Réuni le 9 juillet, le
Bureau nouvellement élu a pris acte du rapport du trésorier sur les comptes de
l'exercice 2002 puis a nommé plusieurs personnalités dans l'Ordre de la Pléiade.
A l'invitation de la
section française, la prochaine réunion du Bureau se tiendra à Cayenne (Guyane)
en janvier prochain.
XXIXème
SESSION ANNUELLE DE L’APF
Niamey (Niger), 7 – 9 juillet 2003

La XXIXème session annuelle de l’APF a réuni à Niamey, du 7
au 9 juillet 2003, trente trois délégations composées de 125 parlementaires
francophones.
Outre les membres de la
section ayant assisté au Bureau, la délégation française était composée de M.
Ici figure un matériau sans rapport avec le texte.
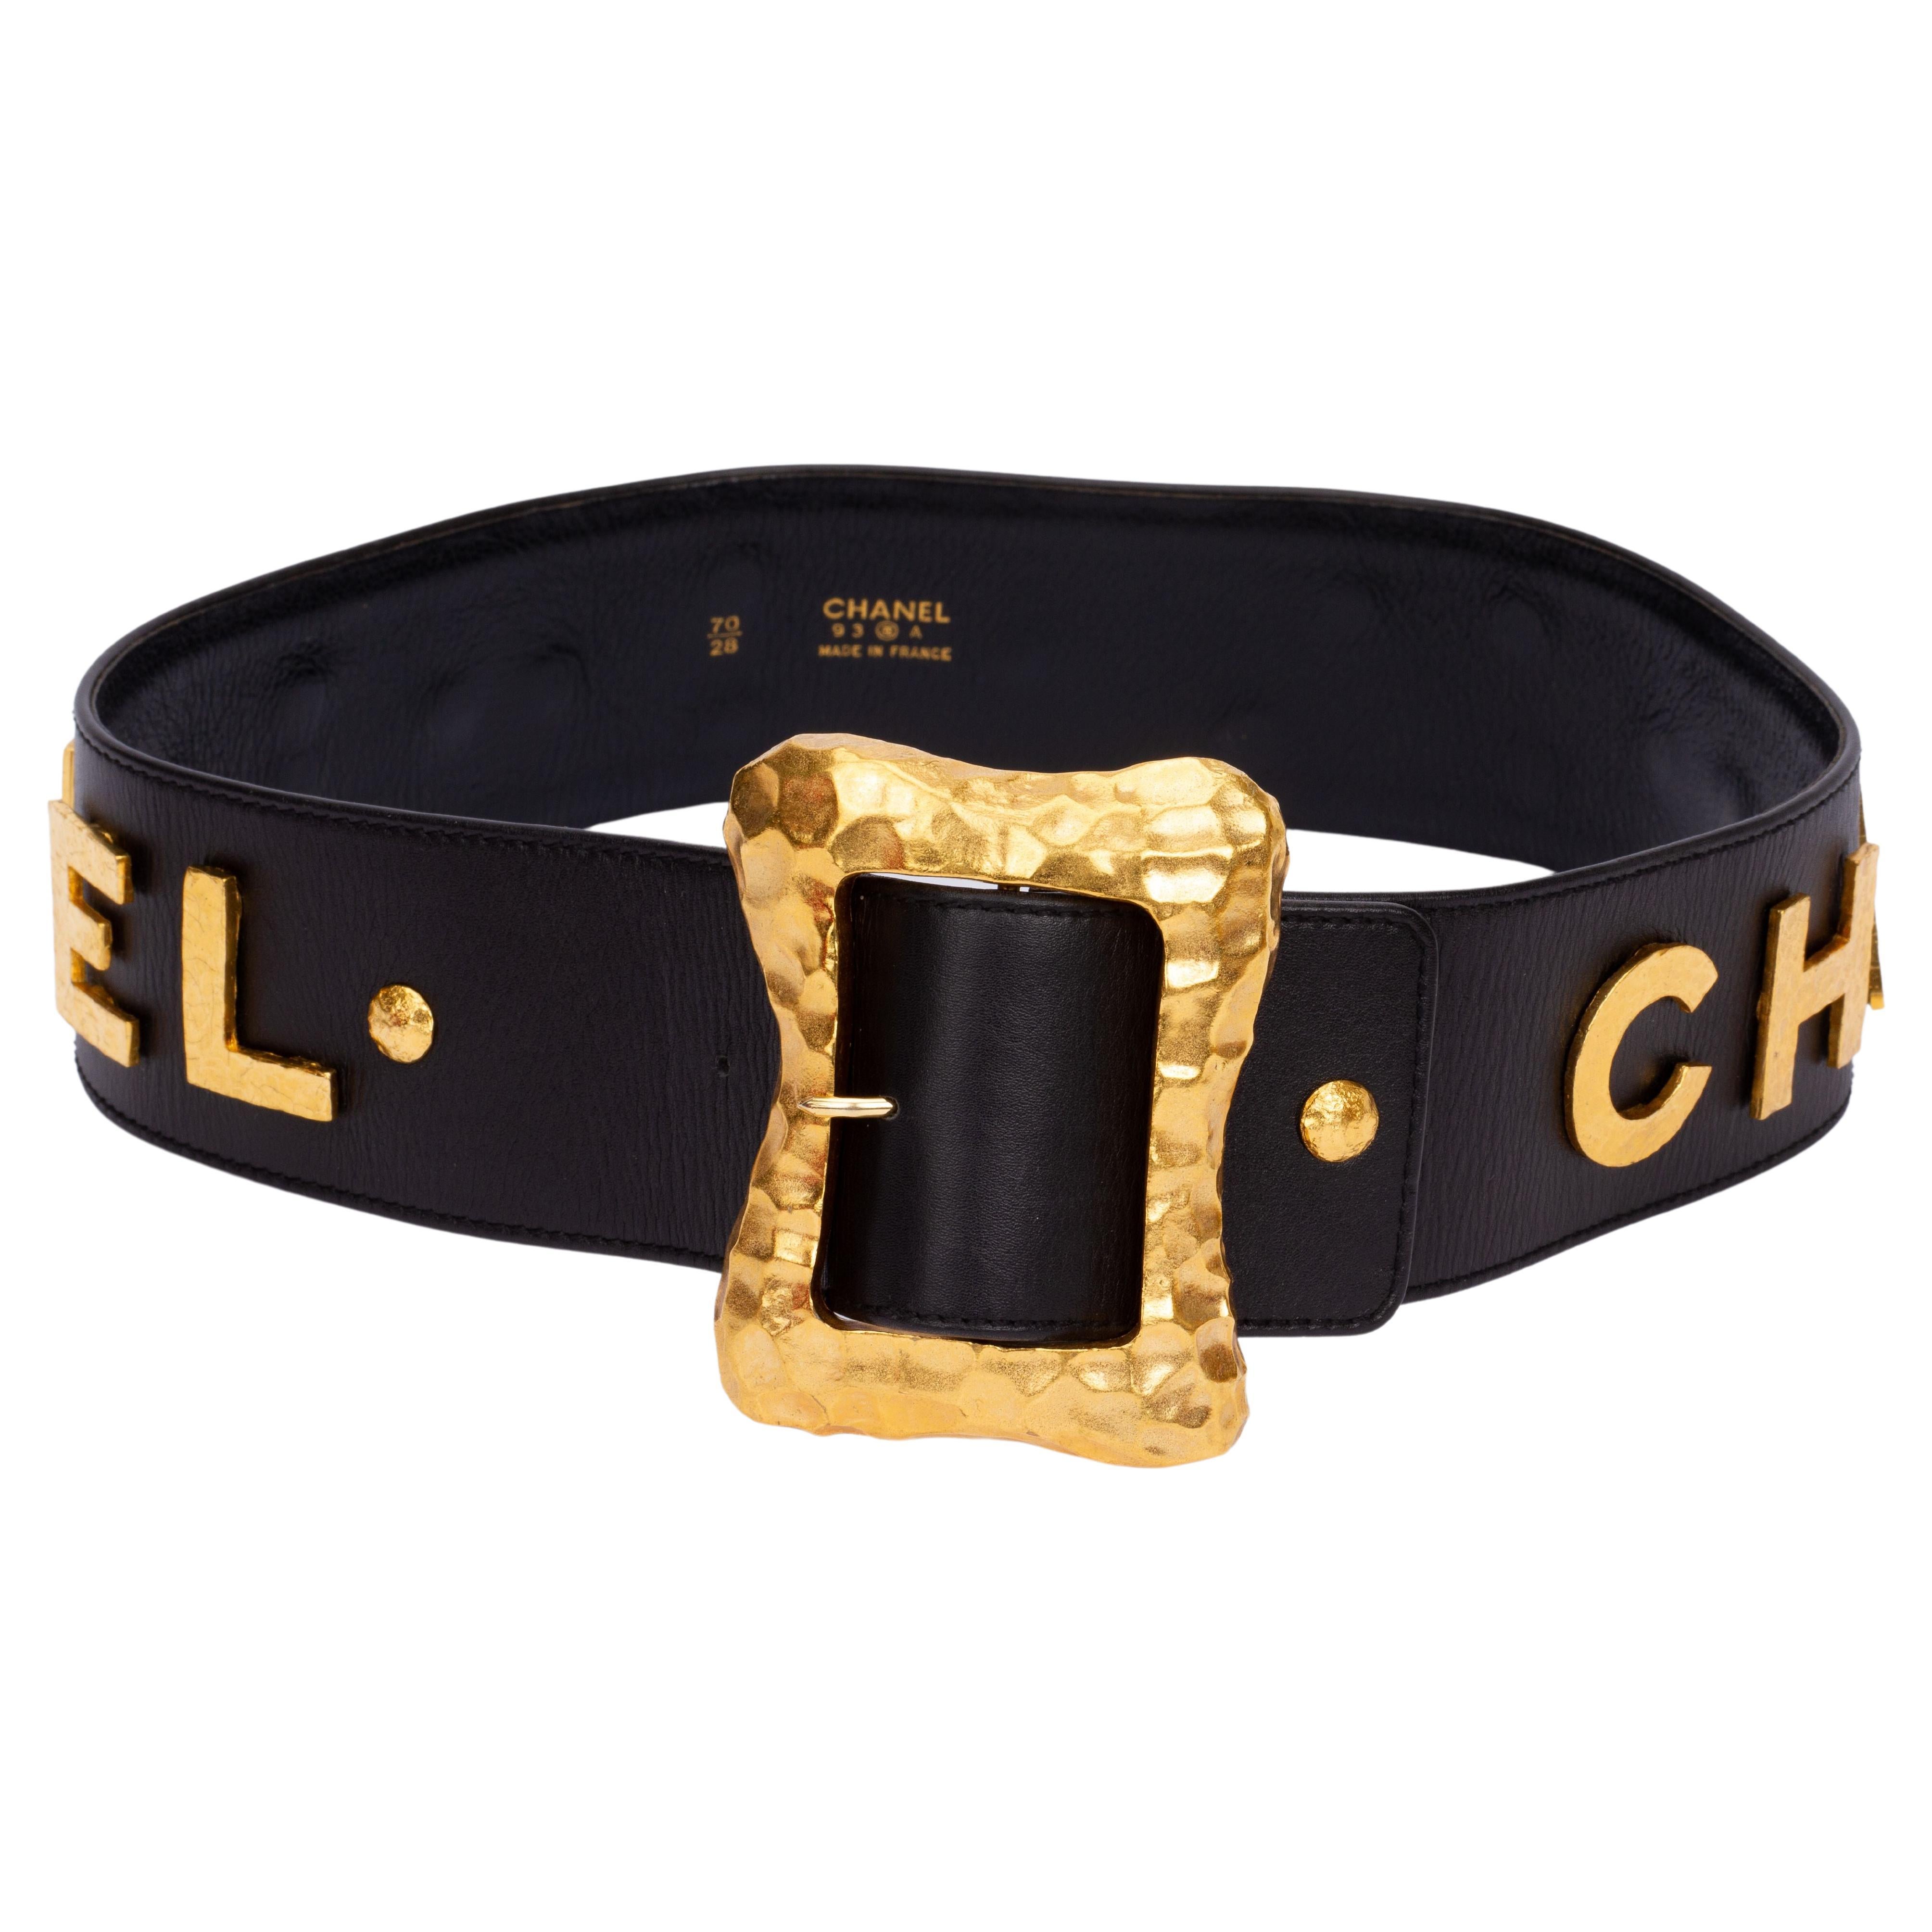 Chanel Rare Supermodel Black Gold Belt For Sale

Jacques Brunhes, député (CR) des Hauts-de-Seine, vice-président de la section,
M. Philippe Marini, sénateur (UMP) de l’Oise, secrétaire général de la section,
Mme Michèle André, sénatrice (Soc) du Puy-de-Dôme et M. Simon Loueckhote,
sénateur (UMP) de Nouvelle-Calédonie, membres du bureau de la section, MM.
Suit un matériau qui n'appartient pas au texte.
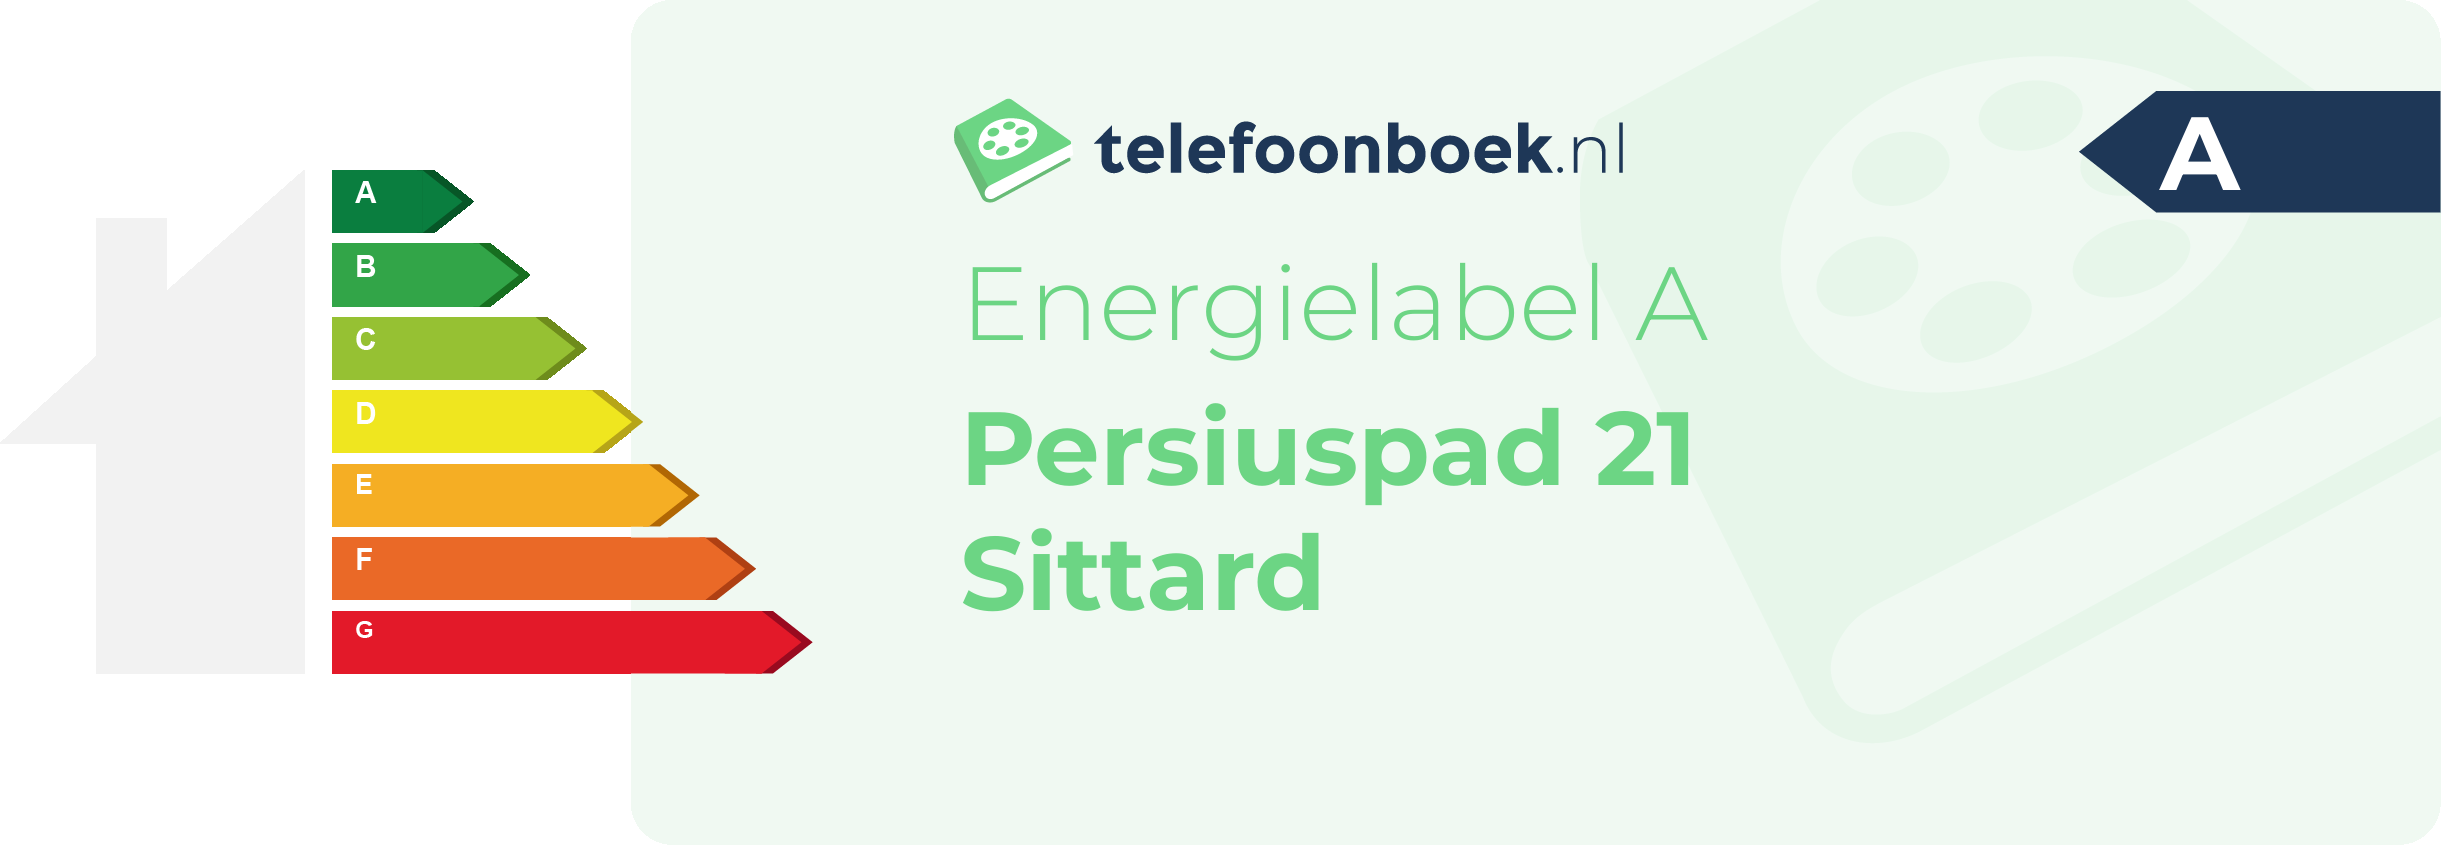 Energielabel Persiuspad 21 Sittard

Richard Cazenave, député (UMP) de l’Isère, président de la commission politique
de l’APF, René Dosière, député (Soc) de l’Aisne, vice-président de la
sous-commission de l’éducation, Mme Henriette Martinez, députée (UMP) des
Hautes-Alpes et M. Hervé Morin, député (UDF) de l’Eure.
Le dimanche 6 juillet a été consacré aux travaux du réseau
des femmes parlementaires francophones. Lors de cette réunion, le comité
directeur du réseau a notamment élu sa nouvelle présidente, Mme Viviane Compaoré,
députée du Burkina Faso et choisi une parlementaire française, Mme Henriette
Martinez comme rapporteure.
Le lundi 7 juillet a été consacré aux travaux des quatre
commissions qui ont examiné leurs projets de rapport et de résolution. La
commission politique a ainsi longuement débattu d’un projet de résolution sur le
Proche-Orient, à l’occasion duquel M. Philippe Marini et deux députés, égyptiens
et libanais, ont rédigé un texte commun adopté par la commission.
La XXIXème session s’est ouverte le mardi 8 juillet après une
intervention du président de la République du Niger, M. Mamadou Tandja. M. Abdou
Diouf, secrétaire général de l’Organisation internationale de la francophonie (OIF)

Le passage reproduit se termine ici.